In the 1980s, local radio listeners on Merseyside could only hear Tyldesley call the second half of games — at most — under restrictio­ns driven by Liverpool’s chief executive at the time.

“Peter Robinson would argue till he was blue in the face that if he gave us the right to commentate on the whole game, it would impact on the attendance at Anfield,” Tyldesley said in an interview with The Associated Press. “Anything that is new and unknown carries an element of suspicion about it.”

Those limitation­s might seem like a relic of the pre-Premier League era of crumbling stadiums and little access to games beyond them, before Tyldesley became one of Britain’s leading voices in football.

But while so much has changed in the sport and media industry, significan­t obstacles remain to the domestic broadcasti­ng of the English topflight.

Some fans in the Premier League’s home territory have watched enviously as the rest of the world gained access to every game live from all 38 rounds, with the value of overseas rights growing 35 percent to 4.2 billion pounds ($5.4 billion) in 2019-2022.

But fewer than half of the 380 games annually have been available live to domestic viewers in a bid to protect attendance­s at stadiums.

The upcoming 15th round of the season will see a broadcasti­ng barrier broken in England: All 10 games live.

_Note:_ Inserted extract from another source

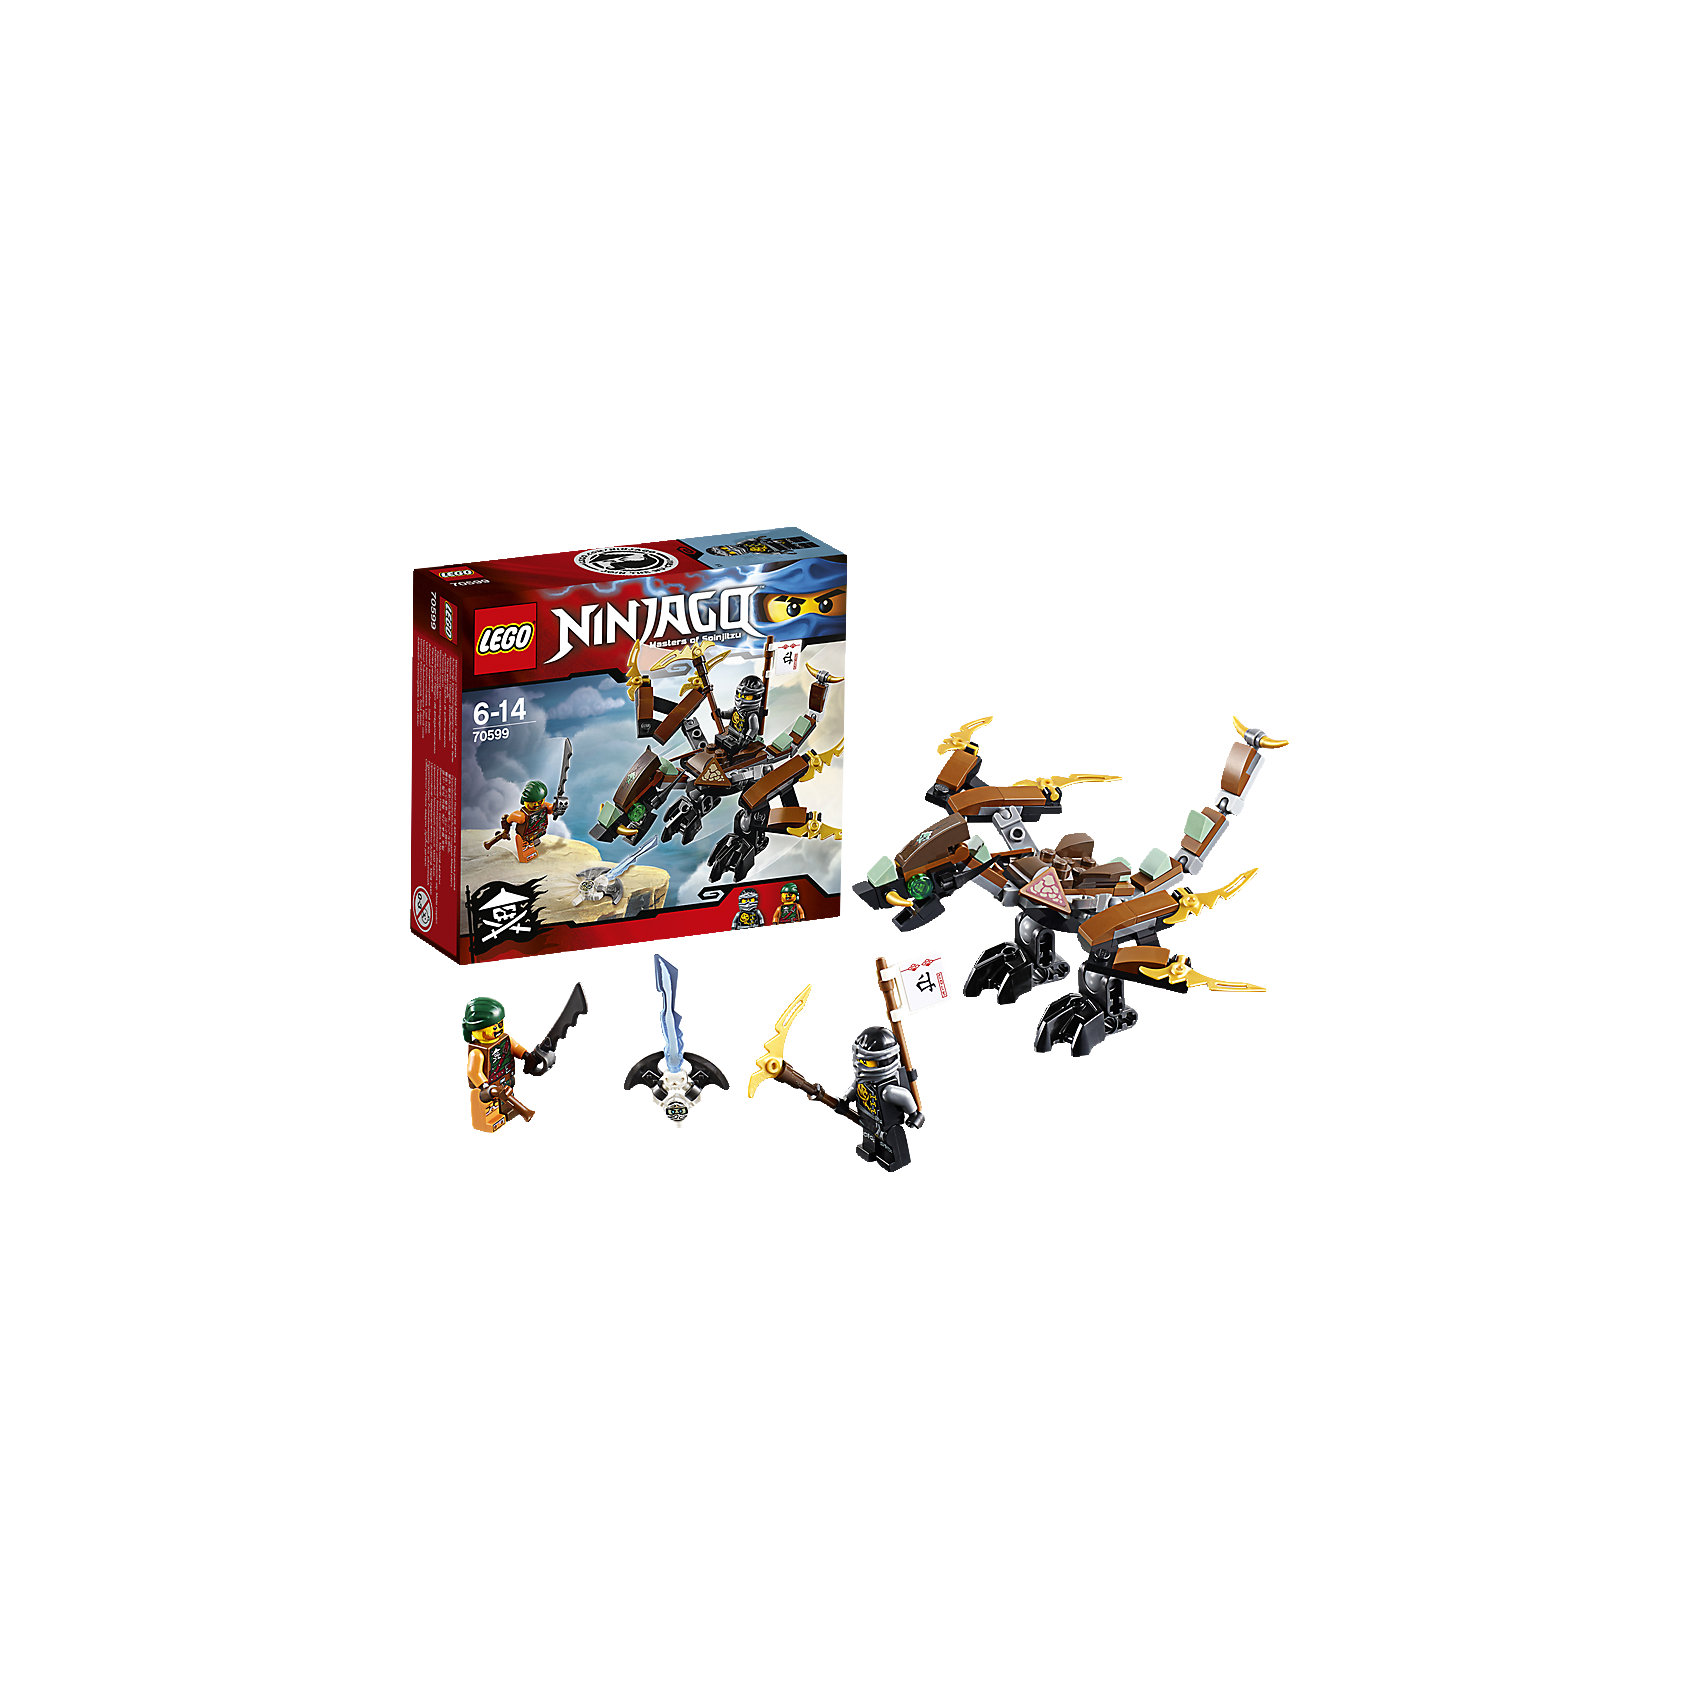 LEGO NINJAGO 70599: Дракон КоулаУстанови шею, крылья и ноги дракона в нужное положение и лети в атаку. Победи небесного пирата и освободи Зейна, заточённого в особый Джинн-клинок!<br><br>LEGO Ninjago (ЛЕГО Ниндзяго) - серия детских конструкторов ЛЕГО, рассказывающая о приключениях четырех отважных ниндзя и их сенсея, о противостоянии злу и победе добра. Наборы серии можно комбинировать между собой, давая безграничные просторы для фантазии и придумывая свои новые истории. <br> <br><br>Дополнительная информация:<br><br>- Конструкторы ЛЕГО развивают усидчивость, внимание, фантазию и мелкую моторику. <br>- Комплектация: 2 минифигурки, аксессуары, дракон.<br>- В комплекте 2 минифигурки.<br>- Количество деталей: 89.<br>- Серия ЛЕГО Ниндзяго (LEGO Ninjago)<br>- Материал: пластик.<br>- Размер упаковки: 15,7х4,5х14 см.<br>- Вес: 0.11 кг.<br><br>Конструктор LEGO Ninjago 70599: Дракон Коула можно купить в нашем магазине.<br><br>Ширина мм: 160<br>Глубина мм: 142<br>Высота мм: 48<br>Вес г: 108<br>Возраст от месяцев: 72<br>Возраст до месяцев: 168<br>Пол: Мужской<br>Возраст: Детский<br>SKU: 4259037

In another milestone — illegal feeds aside — games will only be available via internet streaming as Amazon Prime enters the Premier League.

“There’s an element of dipping the toe in the water on both sides,” Tyldesley said.

Amazon is spreading the 10 games this week from Tuesday to

Thursday, with Tyldesley working at Old Trafford on Wednesday when Jose Mourinho returns to his former club Manchester United in charge of Tottenham.

This week will be the first time since the Premier League’s inception in 1992 that at least one game in a round will not be live on satellite broadcaste­r Sky, which was owned by Rupert Murdoch until last year’s buyout by Comcast, the parent company of NBC Universal.

Amazon muscled into the six-season Sky-BT Sport strangleho­ld on Premier League telecasts in Britain through its pay-tv channels by capturing live rights for entire rounds on the first midweek in early December and around Boxing Day on Dec. 26.

It comes after a ruling by the broadcasti­ng regulator led to the league raising the number of games on sale for British broadcasts from 168 to 200, although the revenue still dropped eight percent from the previous three-year cycle to 5 billion pounds.

BT bought the packages to broadcast another two complete rounds live in 2019-2022, but only for midweek games because of a Saturday afternoon blackout.

No live broadcasts of football are allowed on British screens from 2:45 p.m. to 5:15 p.m. — even as the rest of the world flicks between games, particular­ly on American network NBC where Tyldesley has worked with another Amazon signing Graeme Le Saux, the former Chelsea player.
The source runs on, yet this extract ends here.